* [Dataset content]:

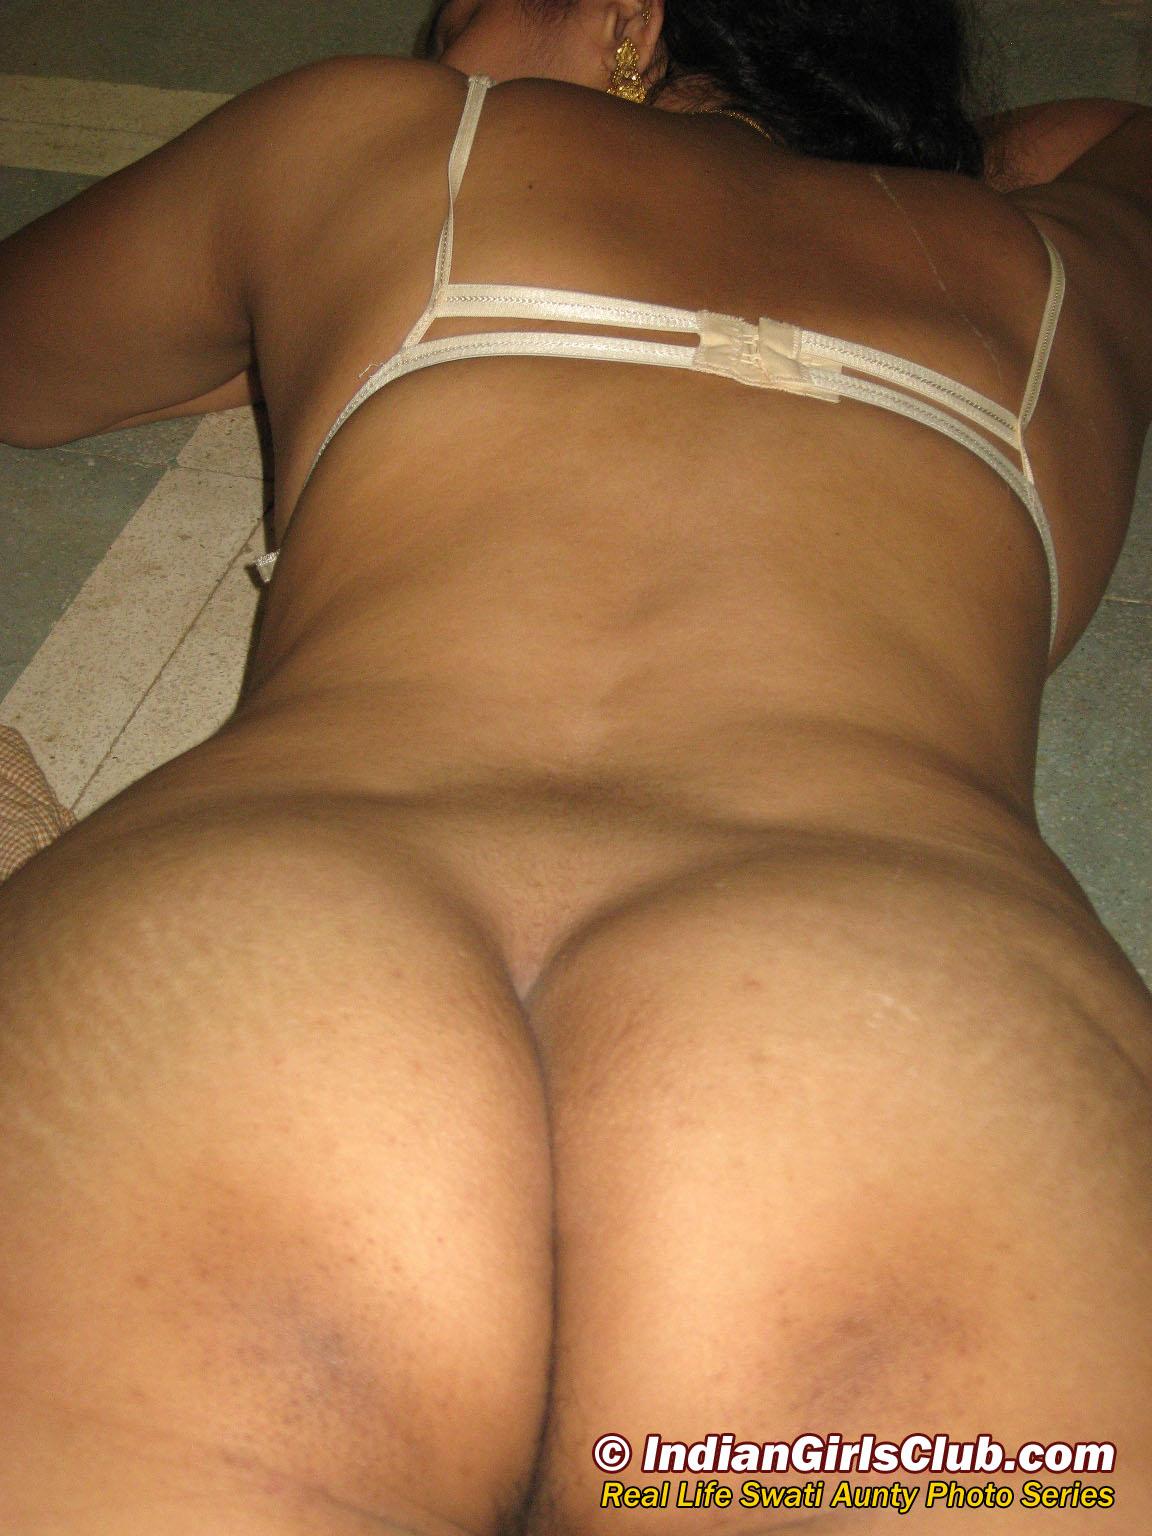 swati aunty sexy ass
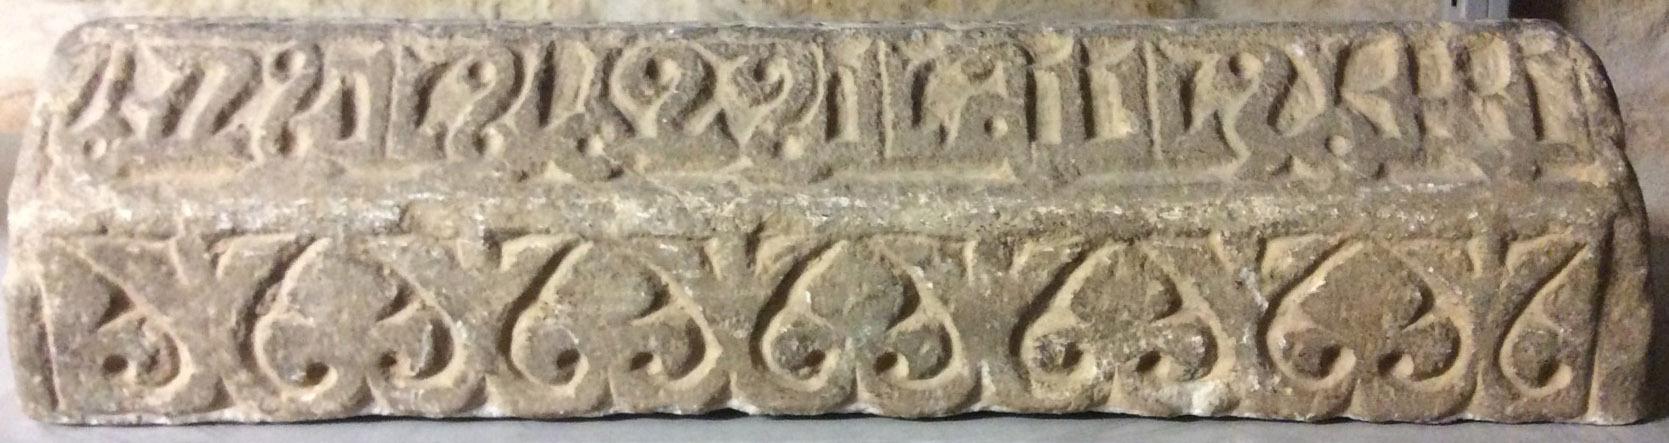 Grabsteinfragment mit Kufinschrift
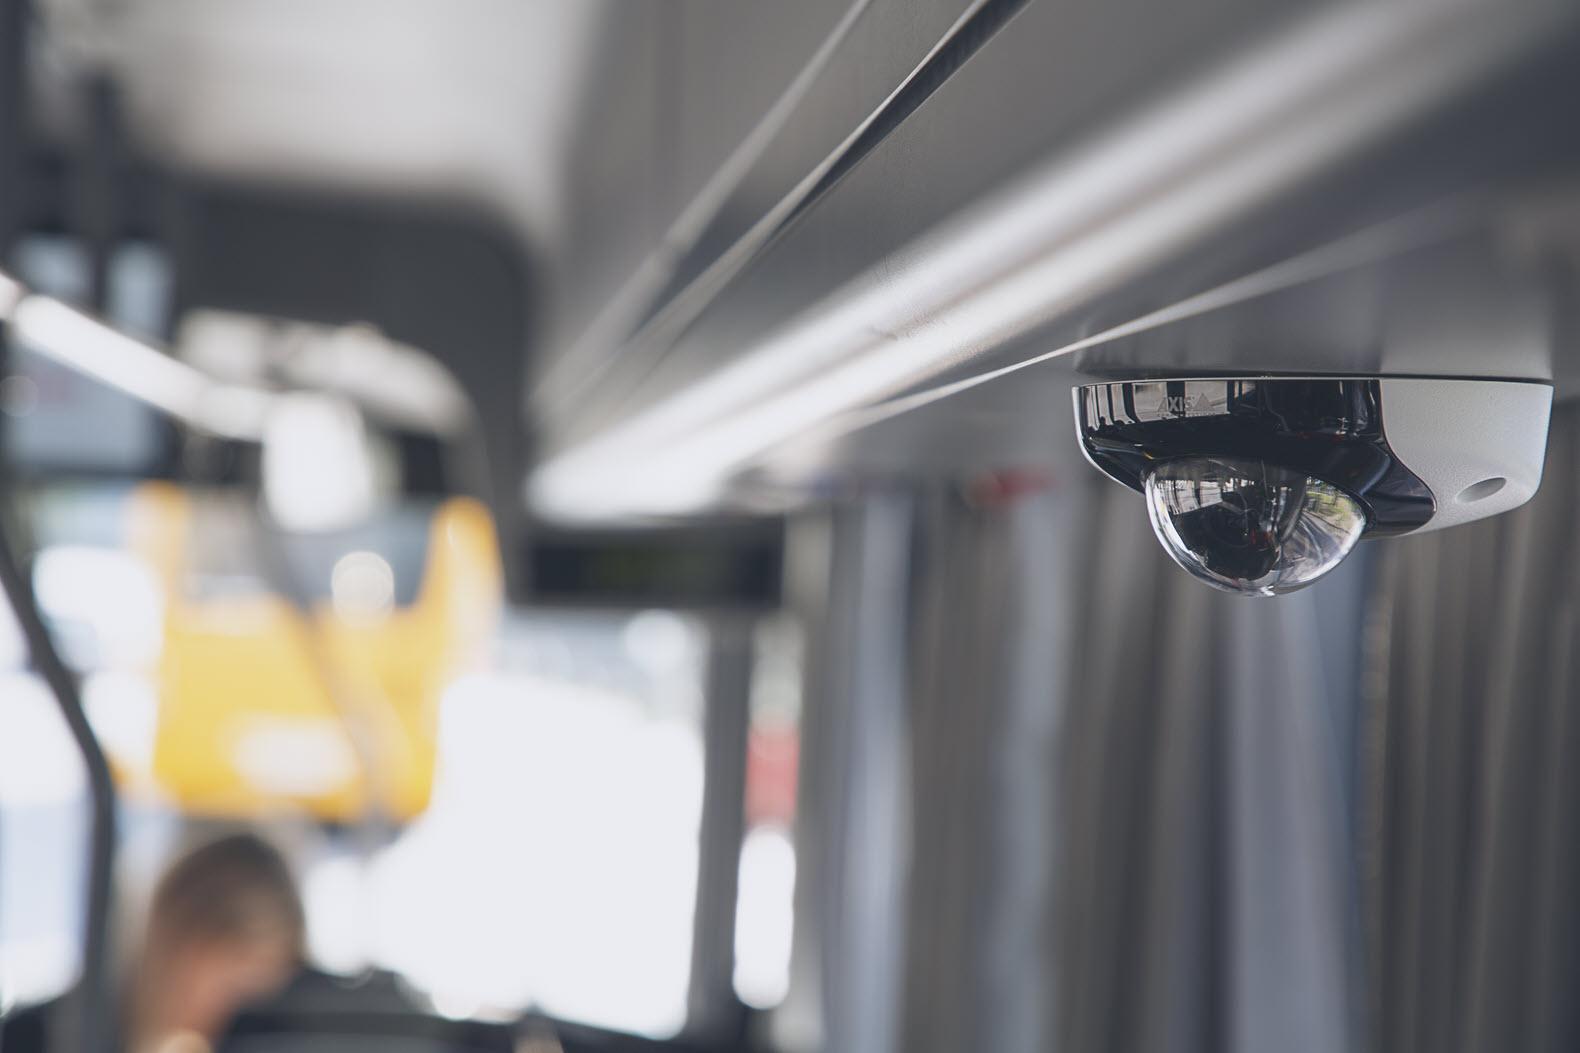 Axis präsentiert neue Generation an Onboard-Kameras
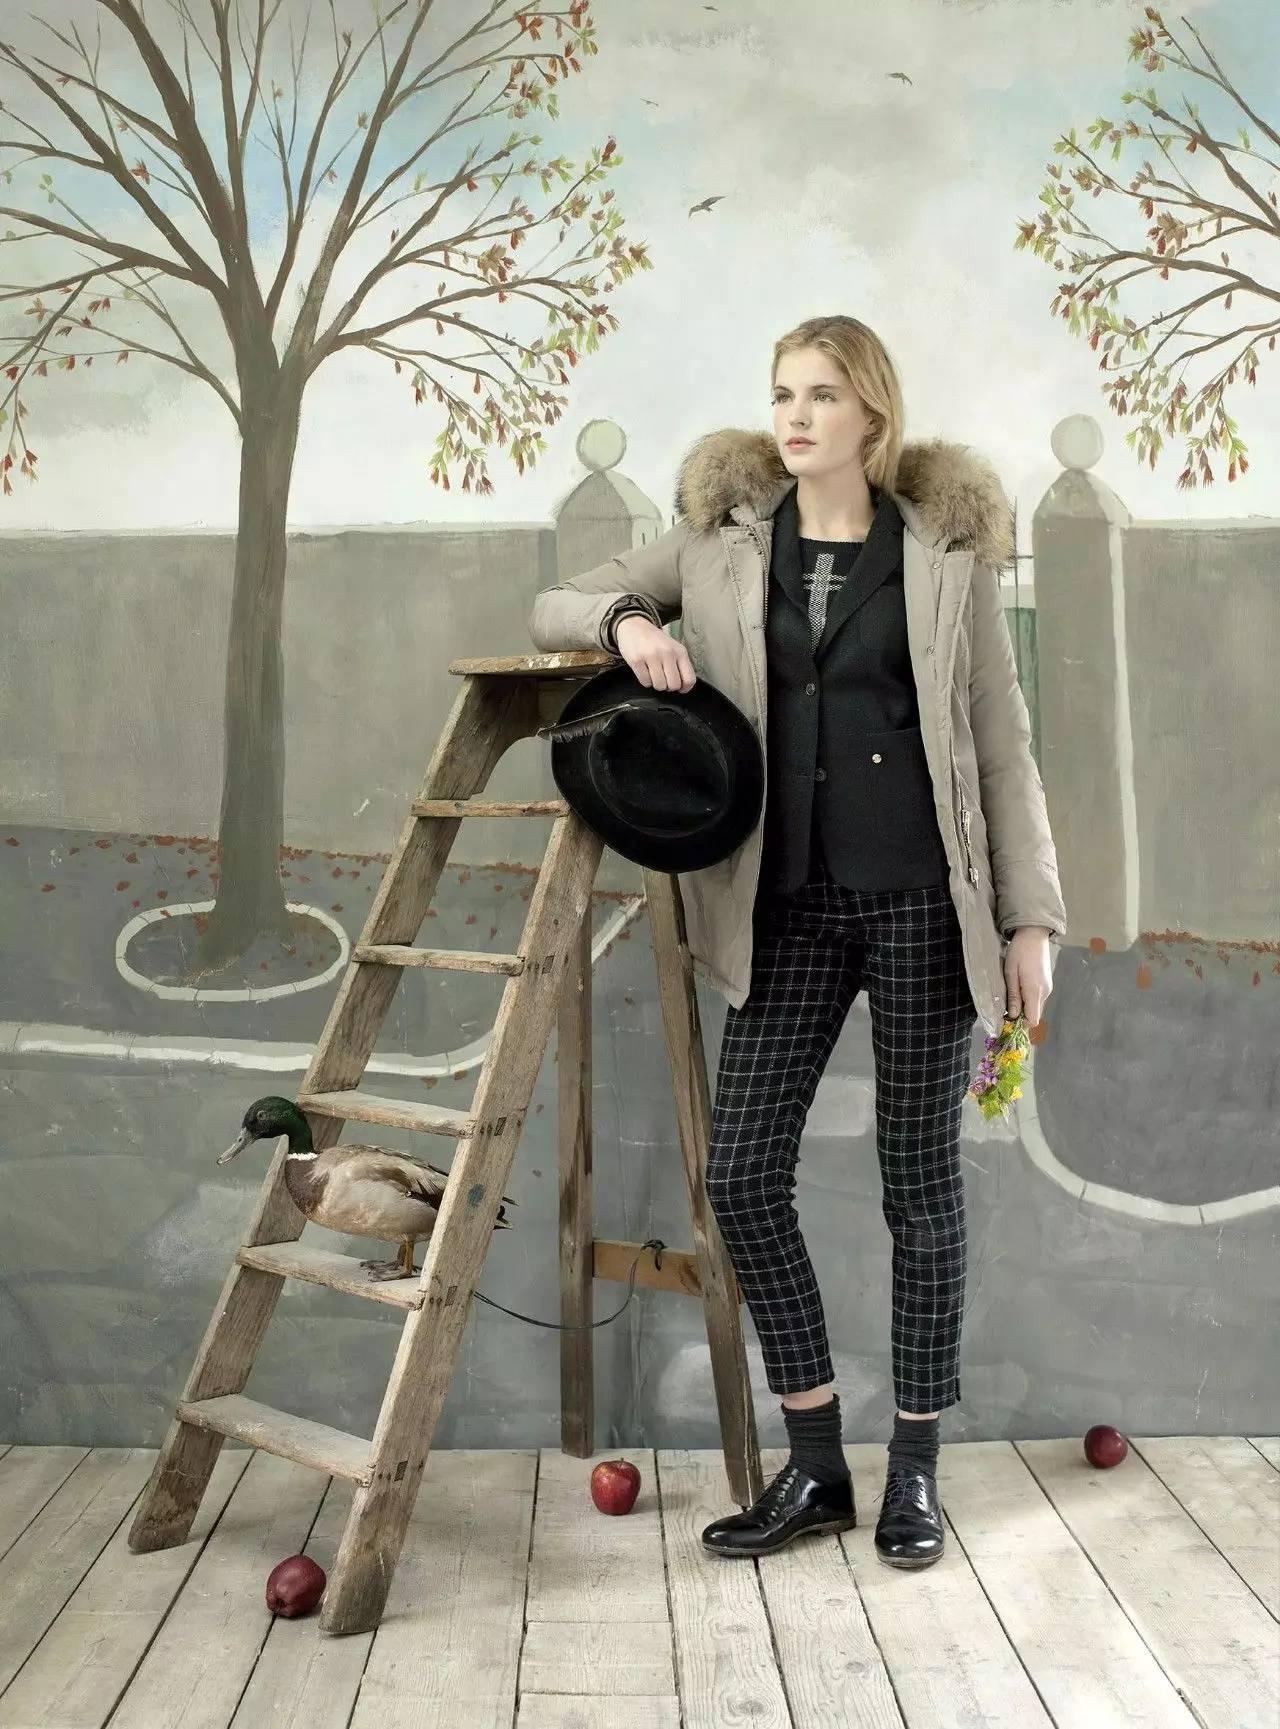 除了加拿大鹅和Moncler,今年冬天还能买这些顶级羽绒服犒赏自己!

* [Directions for this task]: Write out, exactly as they appear, the lines from the one containing "Grabsteinfragment mit Kufinschrift" through the end of the material above, excluding pictures.

* [Written solution]:
 Grabsteinfragment mit Kufinschrift
 Axis präsentiert neue Generation an Onboard-Kameras
 除了加拿大鹅和Moncler,今年冬天还能买这些顶级羽绒服犒赏自己!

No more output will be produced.